We’re Gonna Need More Power

Alehorn Of Power is back. Promoter Greg Spalding took last year off for a number of reasons, including the hectic schedule of his own band, Bible Of The Devil. He admits, though, much of Alehorn’s 2010 shelving was the fact a solid start-to-finish lineup never materialized. “I am a fan of quality,” he says, “and if it’s something that I know could potentially suck, I won’t do it. I don’t need to contribute to more bad shows, there are plenty of them already.

“Every band needs to bring down the house,” he continues. “How many shows have you been to where there’s five or six bands and all of them suck but the one you want to see? It gets real old, and you shouldn’t have to make the audience suffer like that.”

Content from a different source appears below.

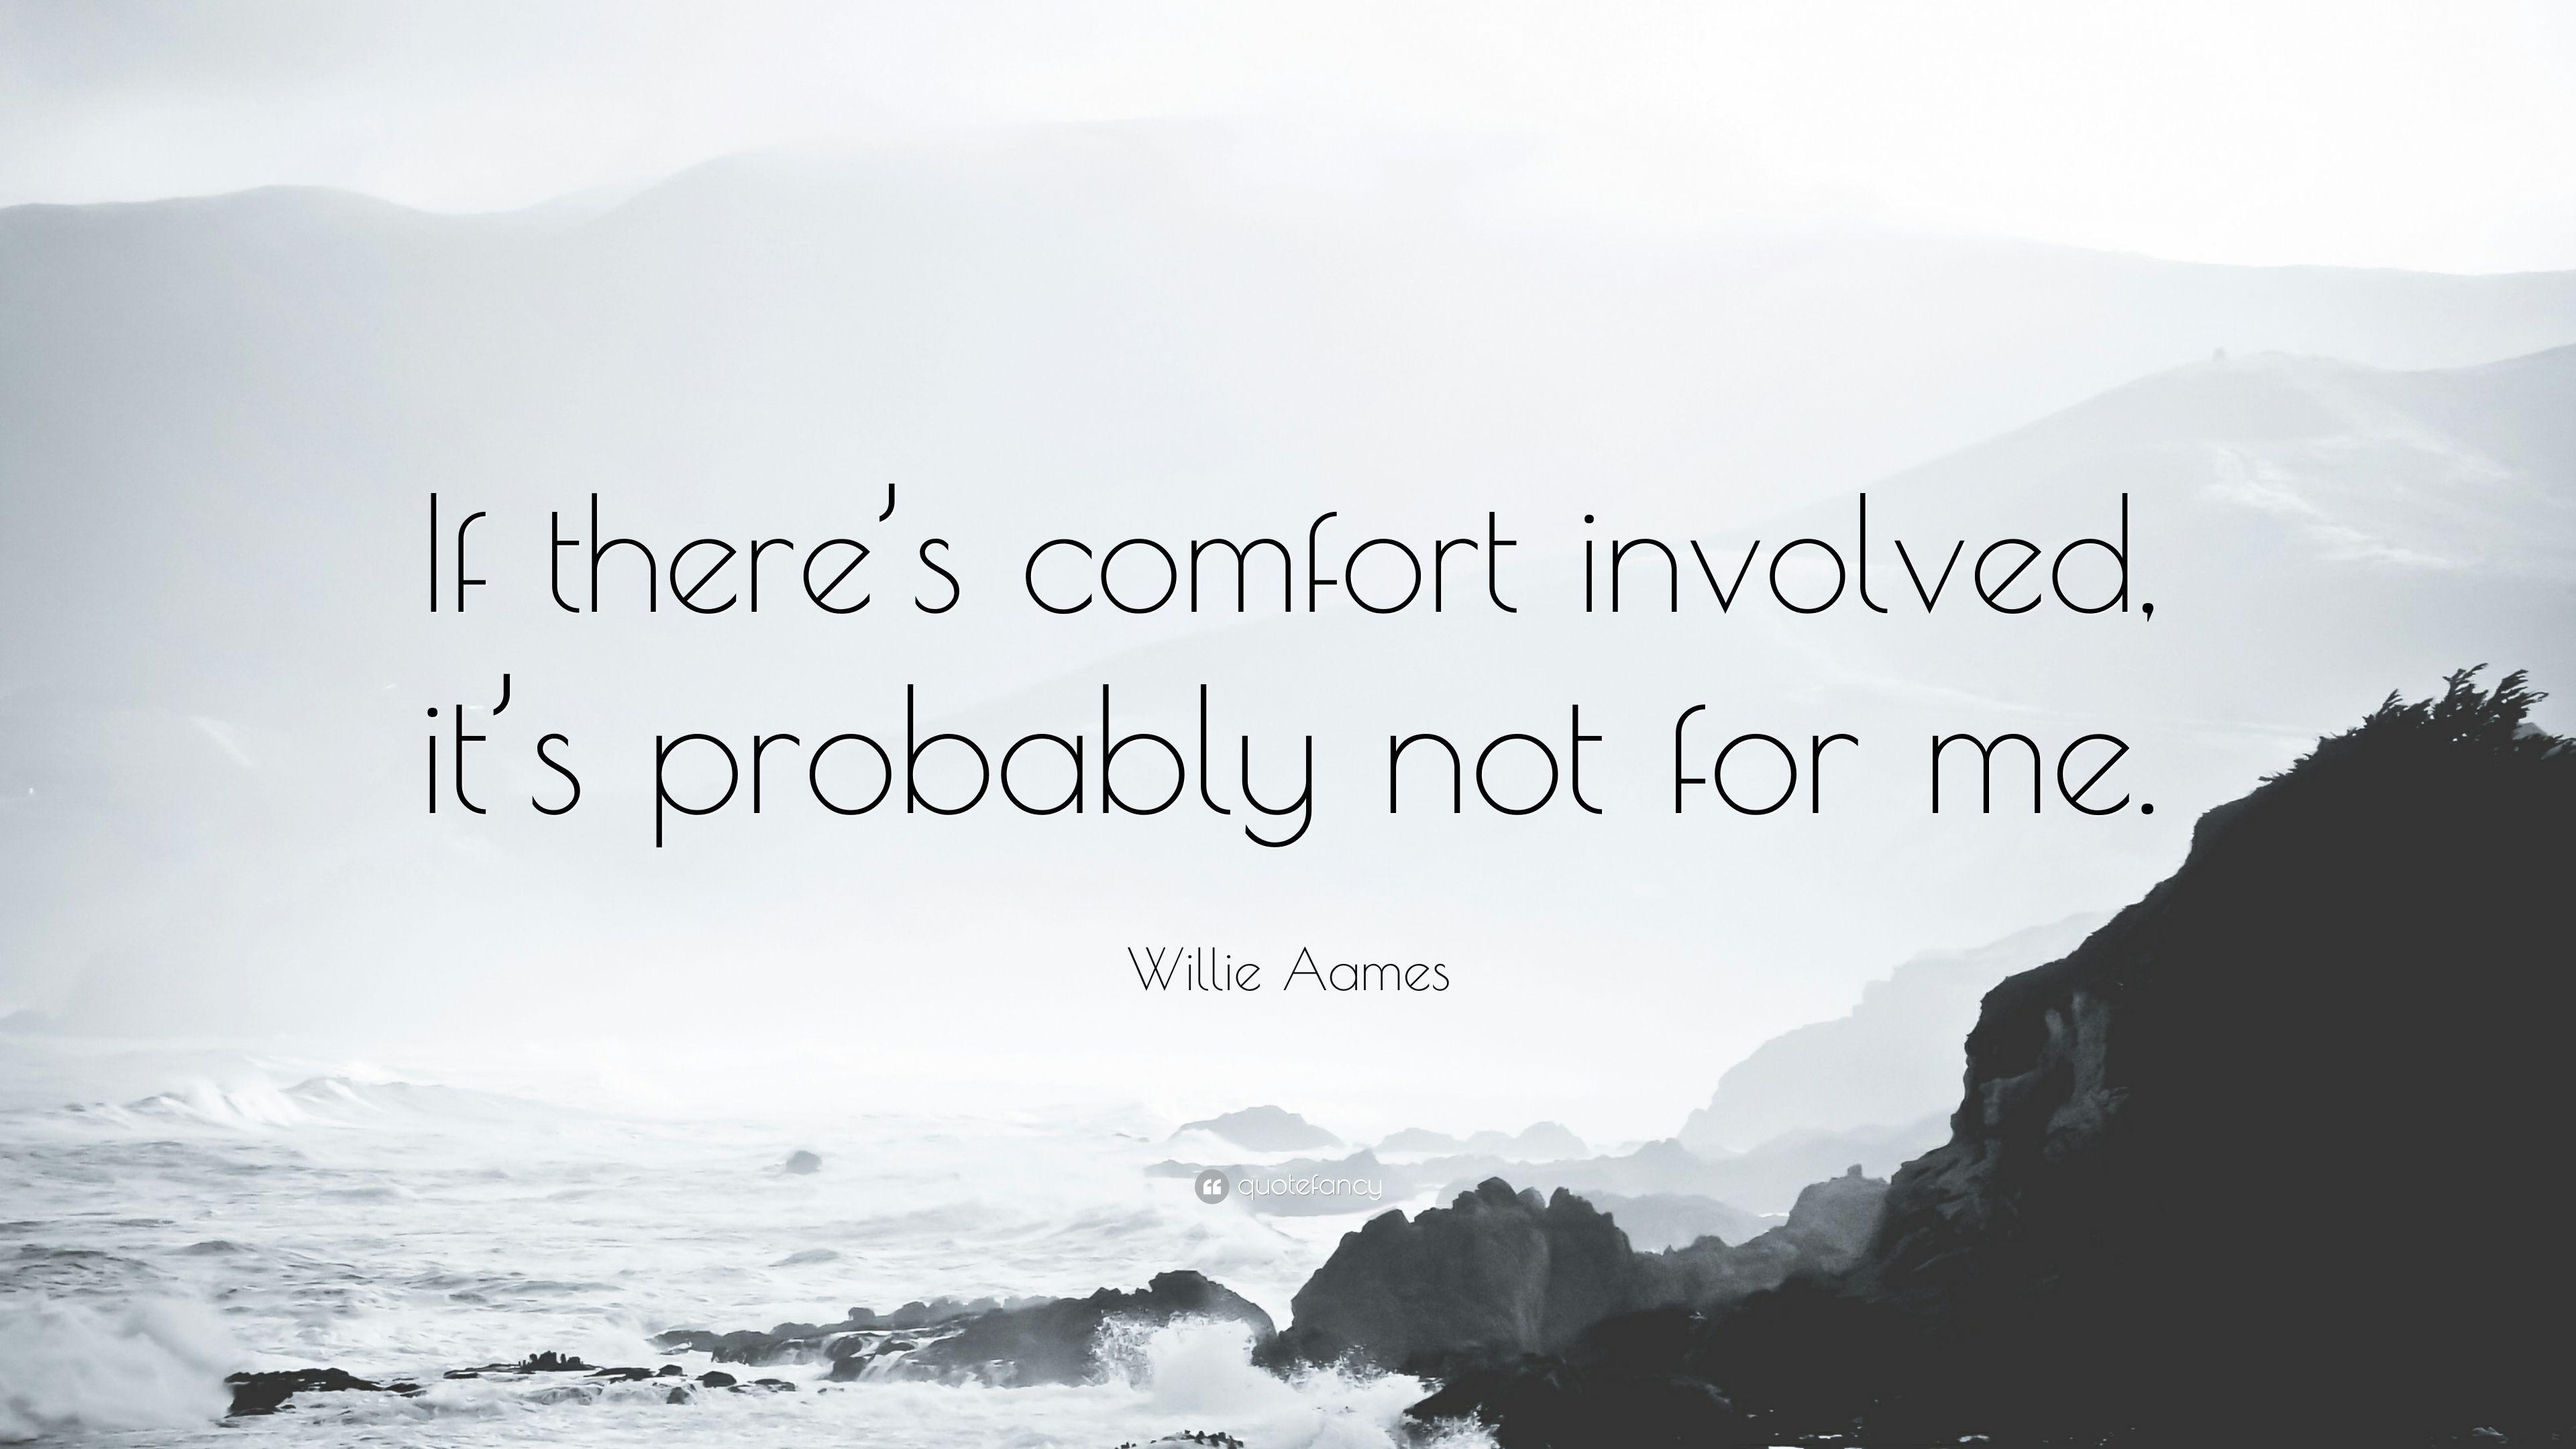 Willie Aames Quote: “If there's comfort involved, it's probably not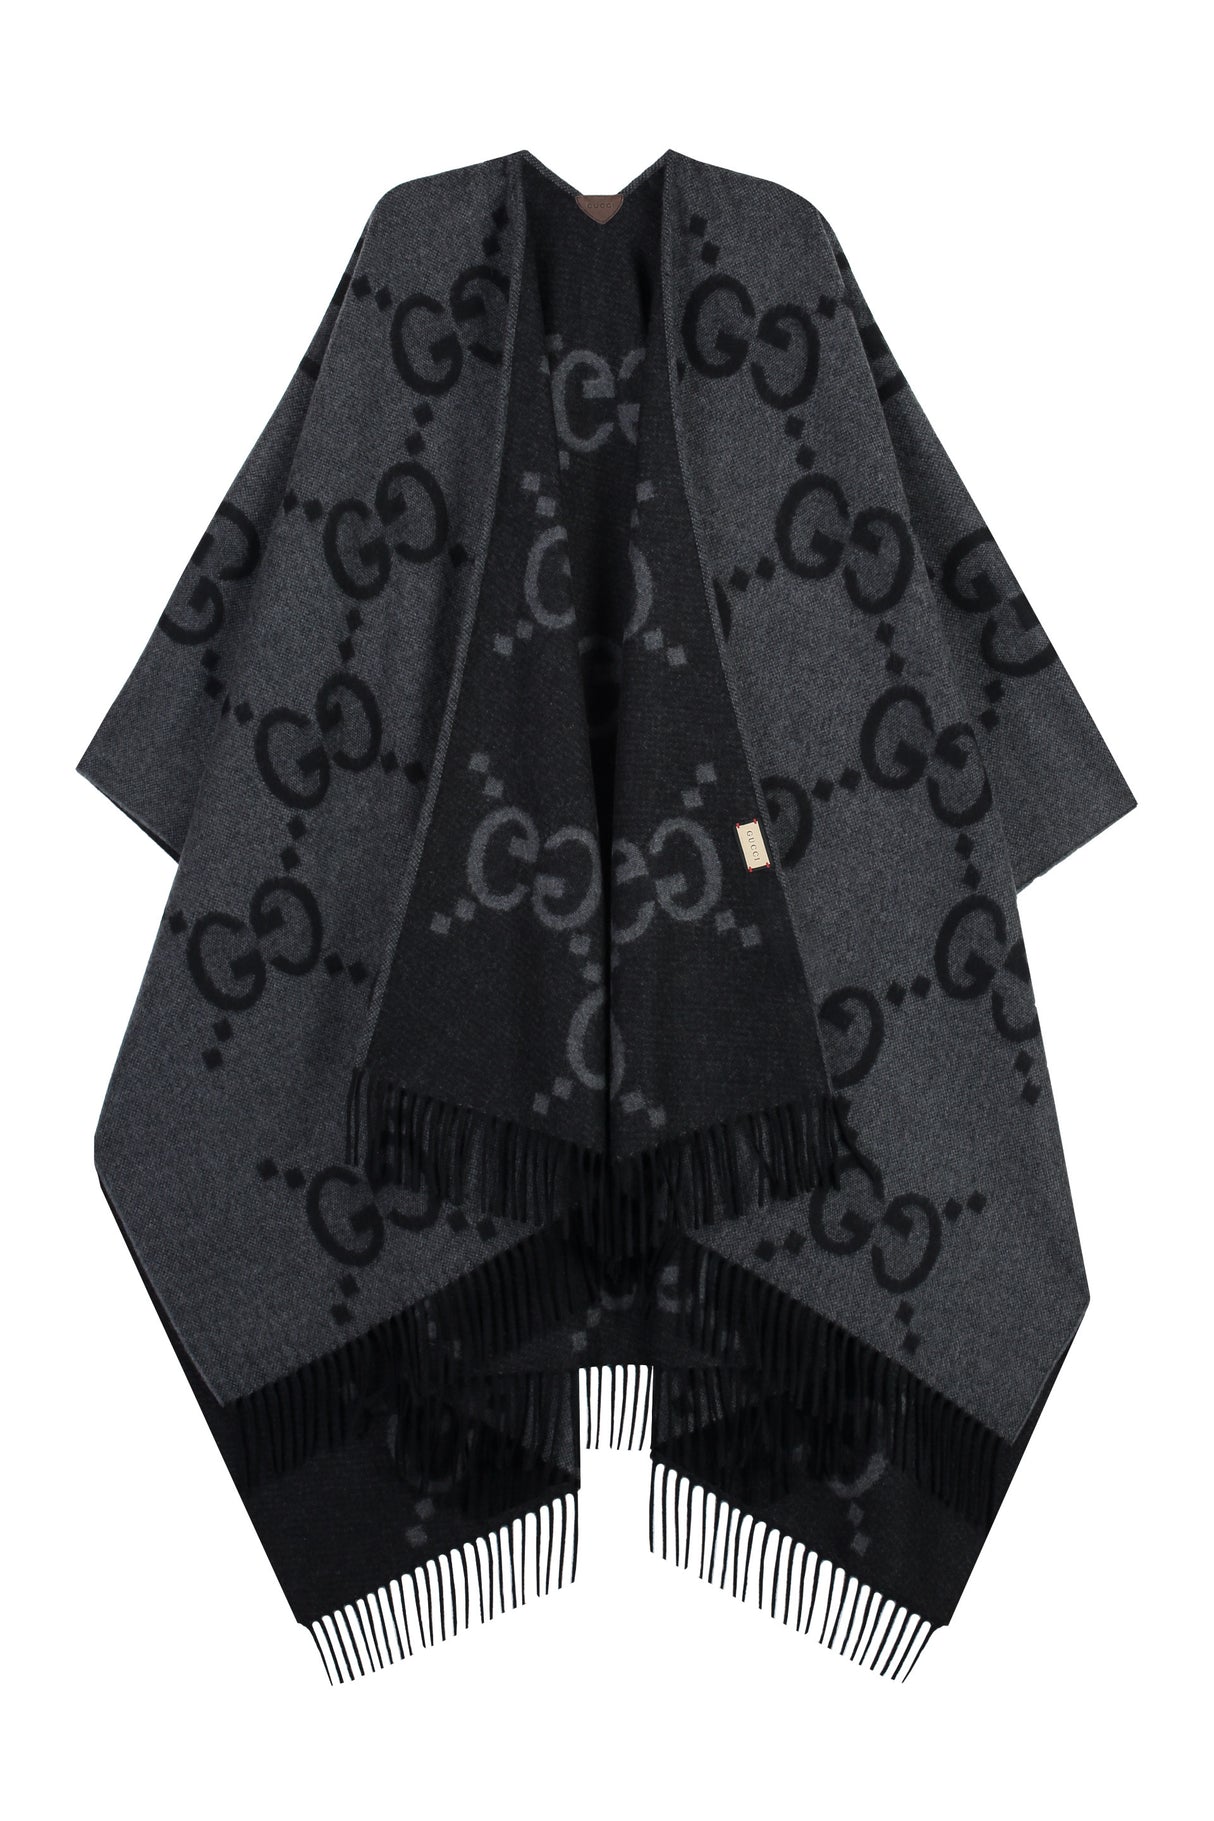 GUCCI Reversible Gray Cashmere Poncho with Leather Details for Women

People won’t suffer, and bands won’t suck on June 6th at Alehorn Of Power V. Not possible with a roster of Orange Goblin, Nachtmystium, Bible Of The Devil, Solace, Buried At Sea (first show since 2004), and Zuul. Besides being the festival’s first year back, it’s also its return to Double Door, which hosted the first three Alehorns before losing it to Cobra Lounge in 2009 (Slough Feg, Hammers Of Misfortune, Bible Of The Devil, Ludicra, Superchrist, and Argus). Securing Orange Goblin was obviously Spalding’s (he does most the heavy lifting of Alehorn’s lineup, but also collects advice from “trusted rock folks” and his BOTD bandmates) main goal. Once the U.K.’s stoner icon was confirmed, the other pieces fell into place, he says.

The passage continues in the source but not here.